Today, some in Europe are worried about rising energy prices, and even if all the fears associated with this disappear overnight, we will certainly see some price increases. As a hacker, you can take a good look at the energy-hungry devices in your home and even take action on them. So, [Peter] installed some solar panels on his roof, but couldn’t figure out how to legally connect them to the public grid, or at least to the 220V mains in his apartment. Of course, a good solution is to build a separate parallel LVDC network and put a bunch of devices on it!

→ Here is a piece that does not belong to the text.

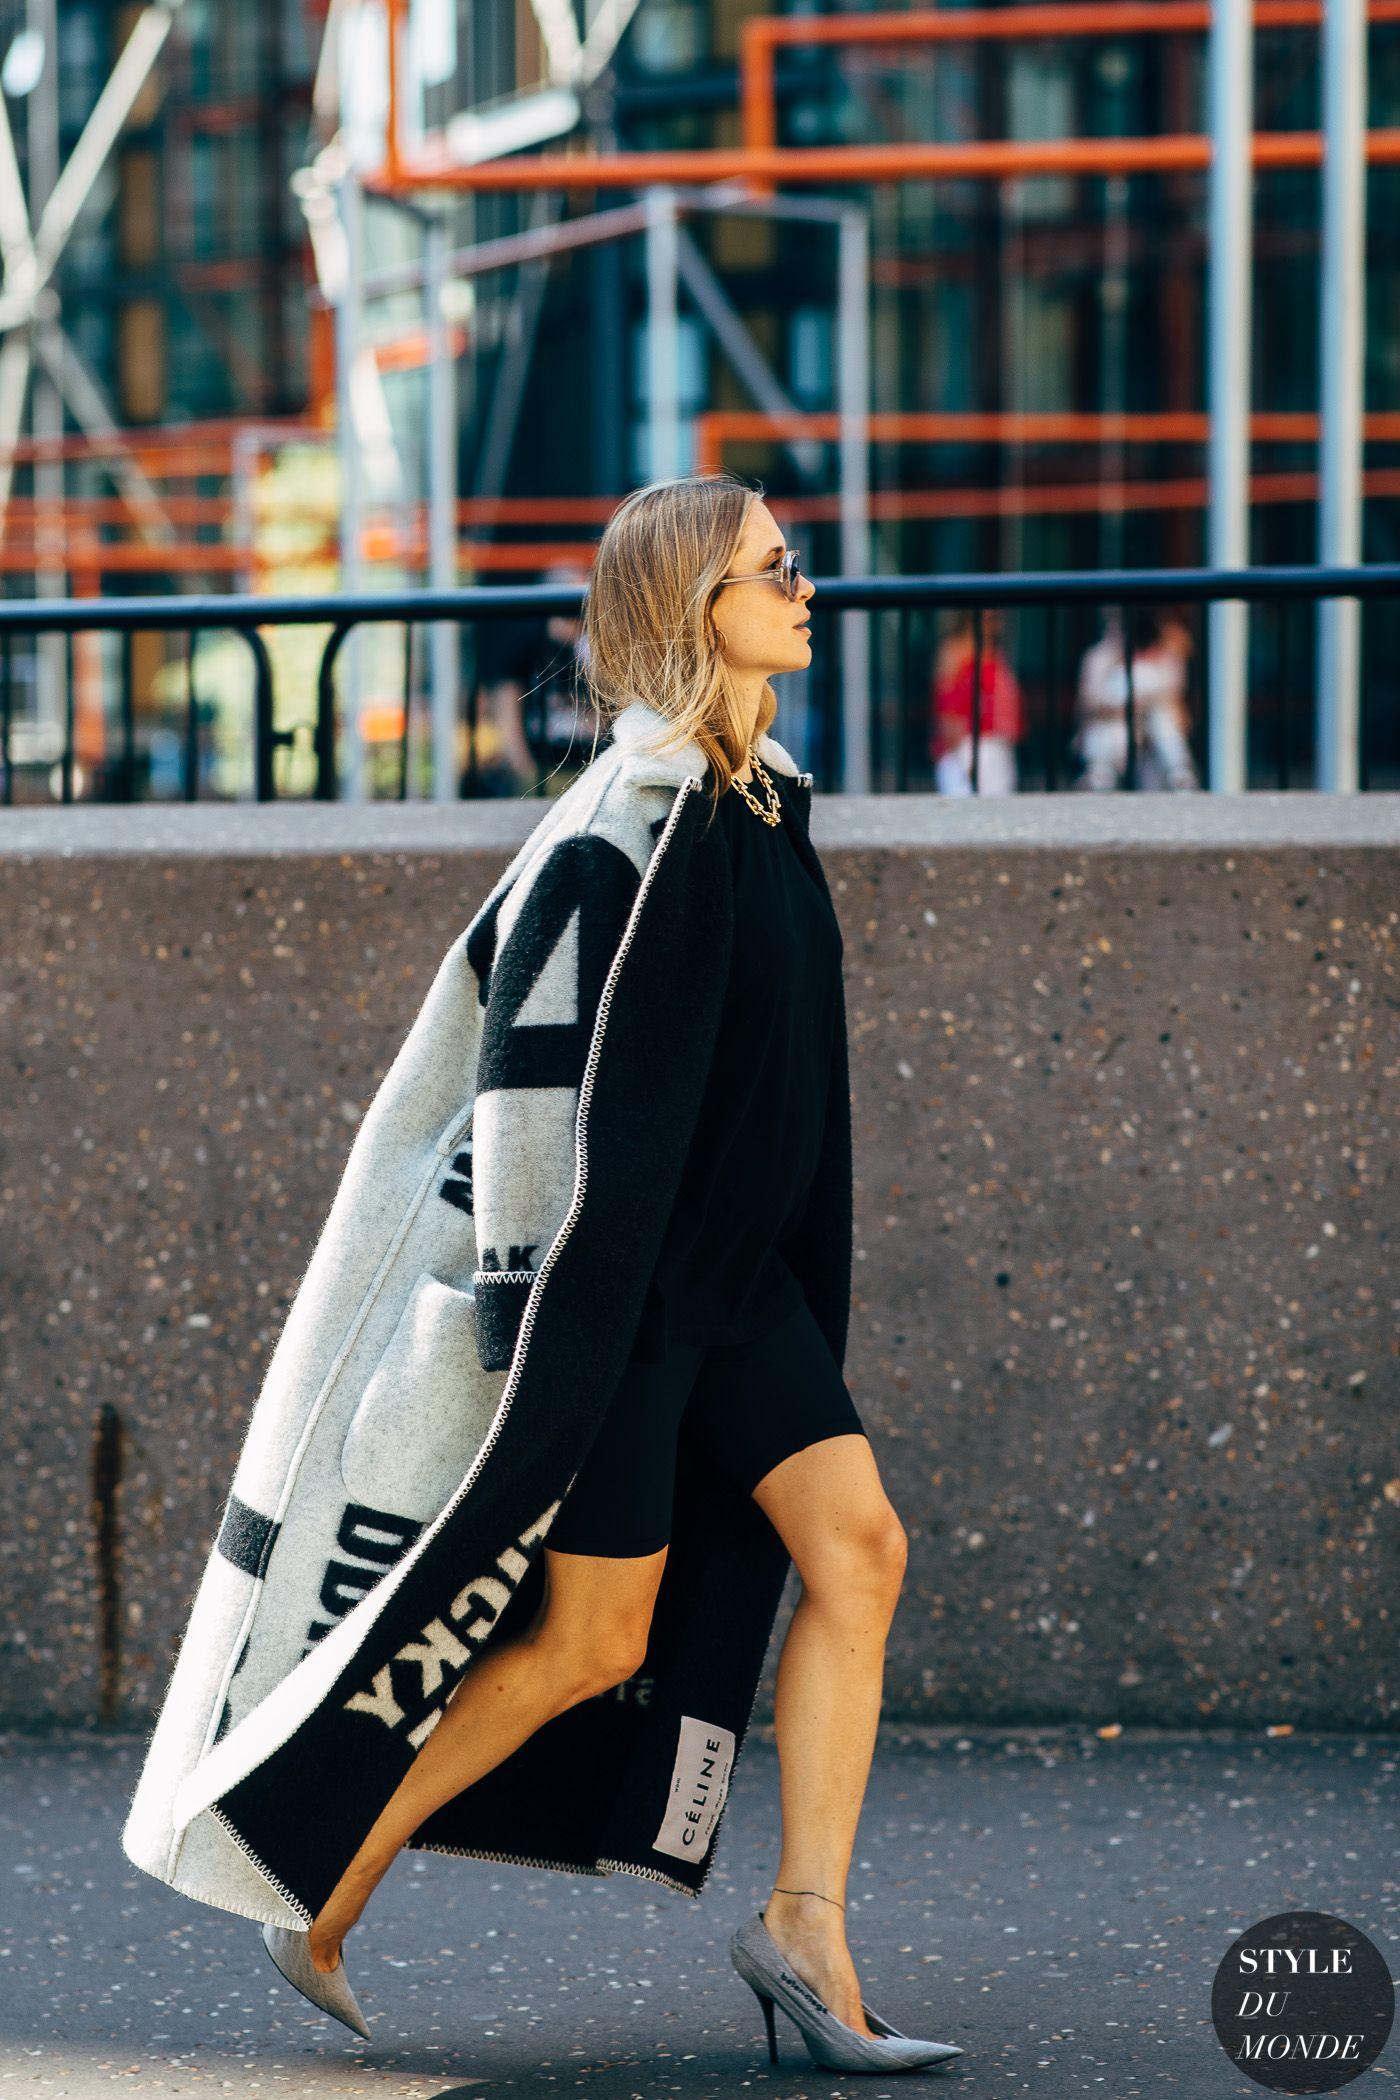 4dd0bb64a232 Pernille Teisbaek by STYLEDUMONDE Street Style Fashion  Photography20180917 48A0280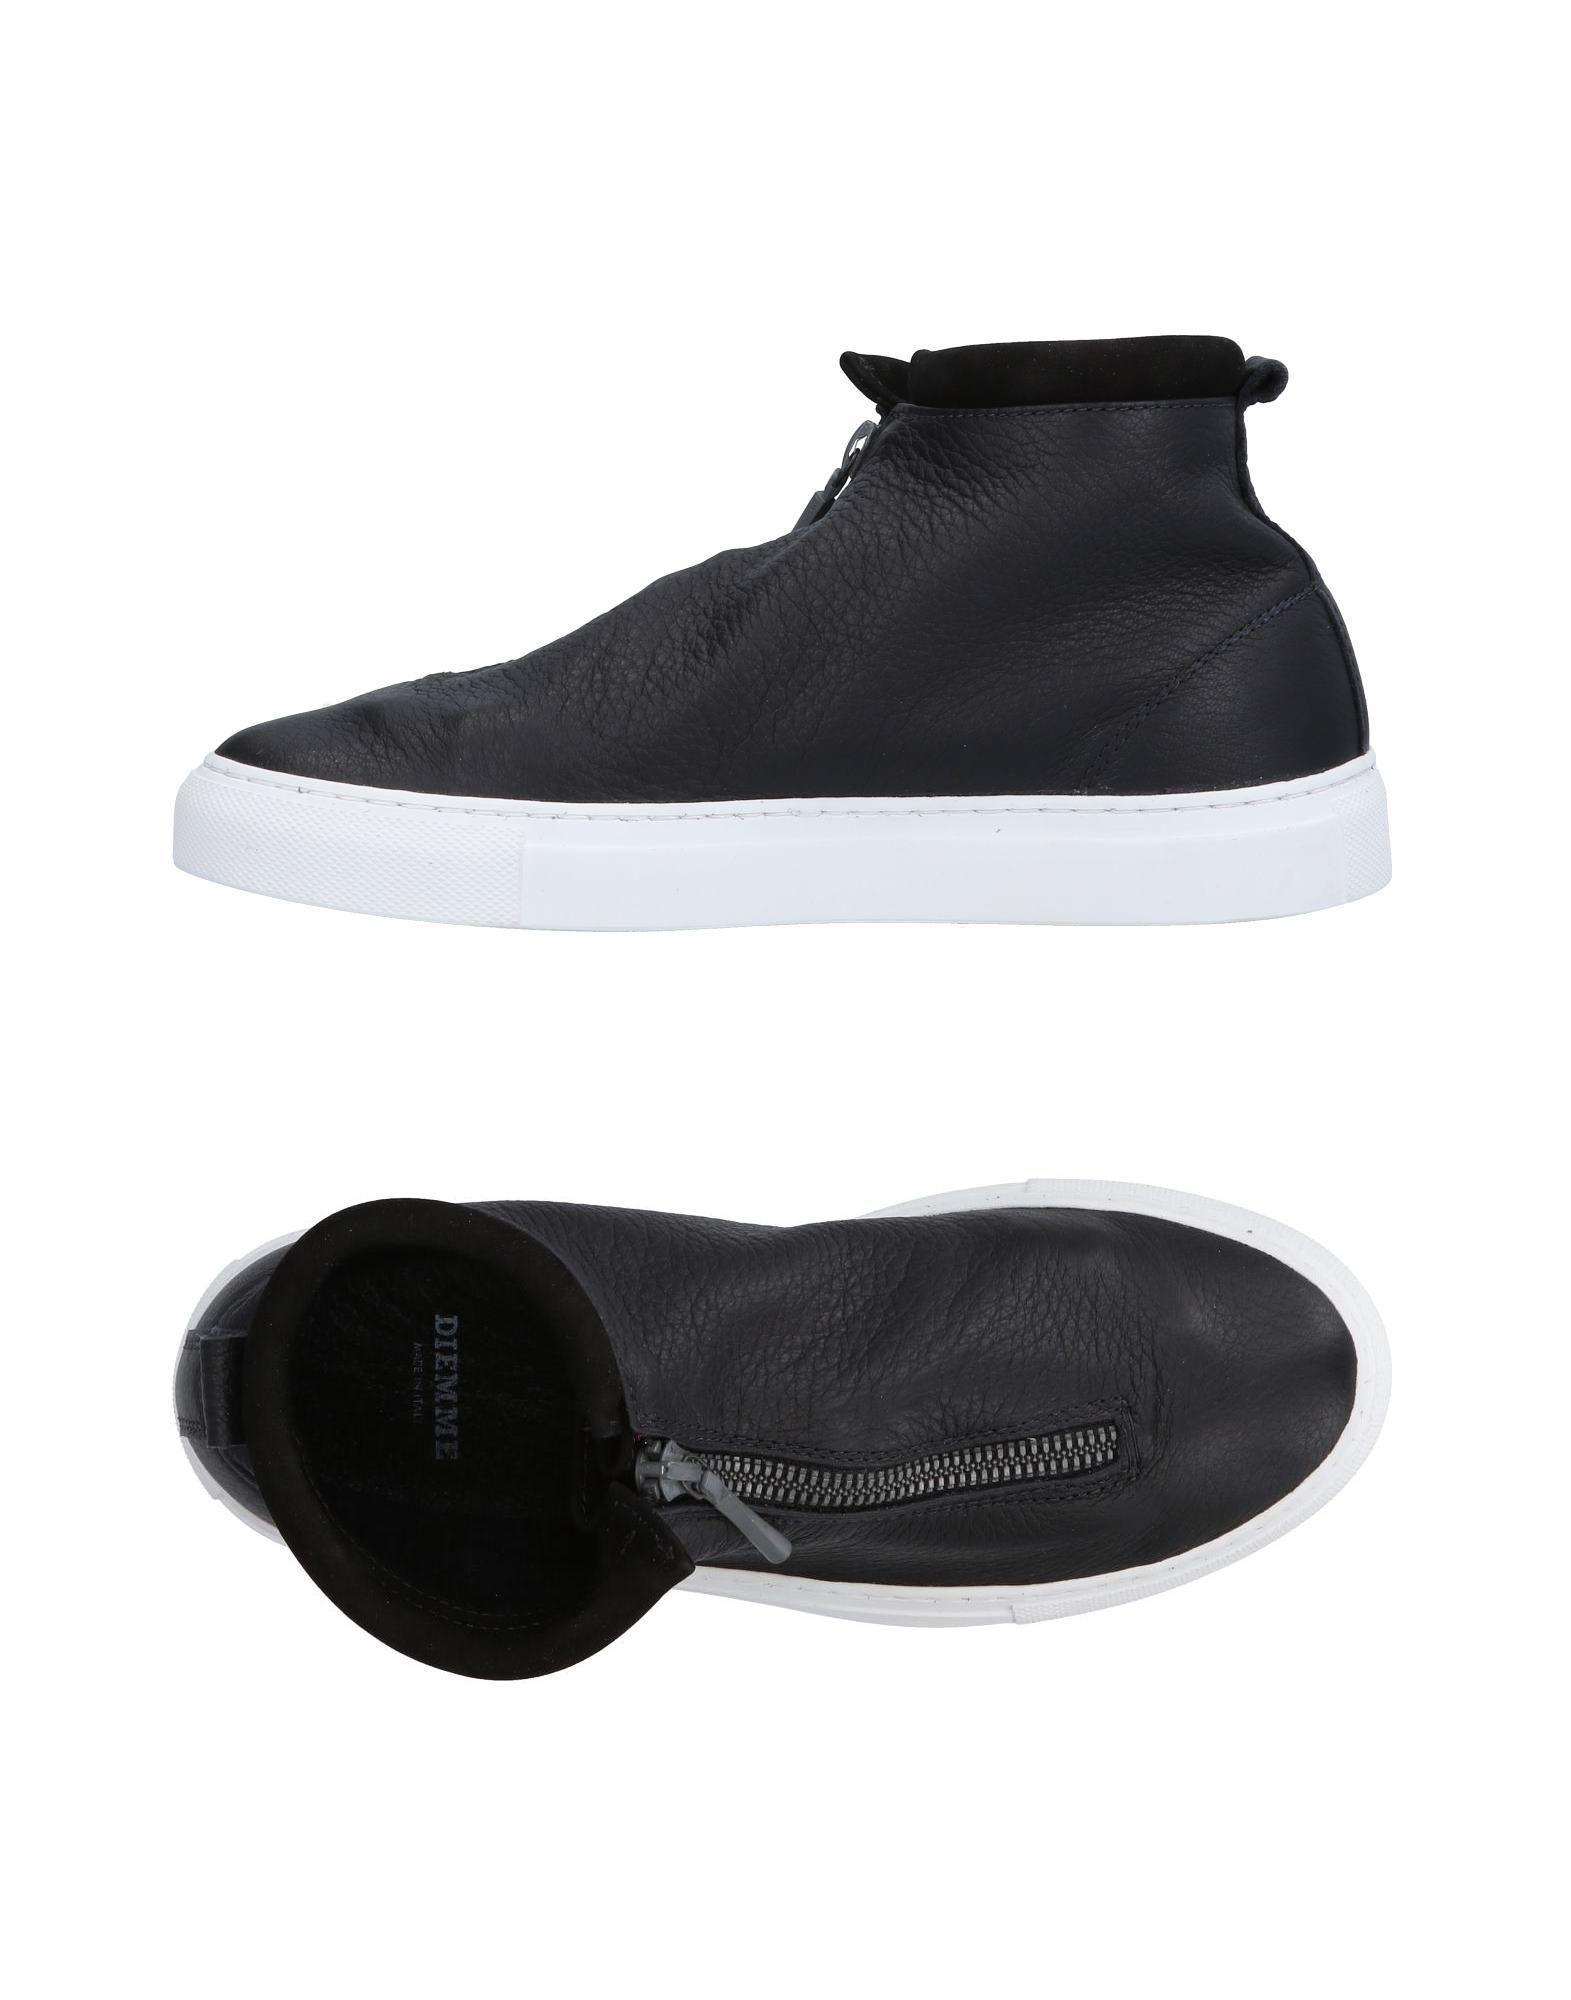 Moda 11498142CT Sneakers Diemme Donna - 11498142CT Moda a13735

He chose 48V because it’s high enough, efficient, easy to get things like DC-DC, safe when it comes to legal matters, and generally compatible with his solar panel setup. Since then, he’s kept devices like laptops, chargers, and lights on DC power rails rather than plugging them in directly, and his home infrastructure (including a rack full of Raspberry Pi boards) is perfectly content to operate 24/7. rail 48V. There is a backup power supply from the regular AC power supply in case of cloudy weather, and in the event of a power outage, two huge LiFePO4 batteries will power all connected equipment at 48V for up to two and a half days.
The device produced and consumed 115 kWh in the first two months – a huge contribution to the energy independence hacker project, and the blog post has enough detail for all your inspiration needs. This project is a reminder that low voltage DC projects are a good option on a local scale – we’ve seen viable pilot projects at Hackcamp, but you can also build a small DC UPS if you like. Perhaps soon we will find an outlet for such a network.
Cellular base stations currently use 48V. I need to set up something similar for a neighborhood watch project.
I was thinking about running some HP DL360 servers at home with solar panels and batteries without 48VDC power supplies that would fit these servers and avoid the inefficiency of the DC-to-AC inverter, but then I saw the price of these power supplies at 48 VDC. … MY GOD. Return on investment until 2050!
48V has been the bus voltage in telecommunications systems since Strowger’s time (with giant batteries) and carried over into fiber optic network equipment.
Yes, the entire telecom industry runs on 48VDC. From old analog switches to modern cellular base stations. IT data centers are typically powered by AC power.
GOOD The only bummer with this setup (assuming the other half is approved and kept in a safe place away from pets and children) is that once the local energy storage is full, the excess energy is wasted when you are this close to the grid. interconnects are going, it’s probably really a shame that that energy is spent on cheap ones. I don’t blame them for this situation, they’ve done a job for themselves and can’t find a legal/safe/affordable way around this last hurdle…bureaucrats are probably better off than lawyers and politicians. although they often resemble each other in life, perhaps they are all different states of the same life form…
I would say to make life easier for those non-tech people with DC you will probably live with or support the best option available today which is probably USB powered…although I hate it because the power supply over USB it’s a mess, getting it right seems like a huge problem, and it’s not likely to be as efficient as a 48V rail. It’s so ubiquitous that it’s understandable to non-technical people – because it’s pluggable and works (if configured correctly). Eliminate the need to find the right DC-DC converter for everything or actively monitor the “power supply” voltage every time you plug in a new device – I do this at my desk but haven’t fried anything yet…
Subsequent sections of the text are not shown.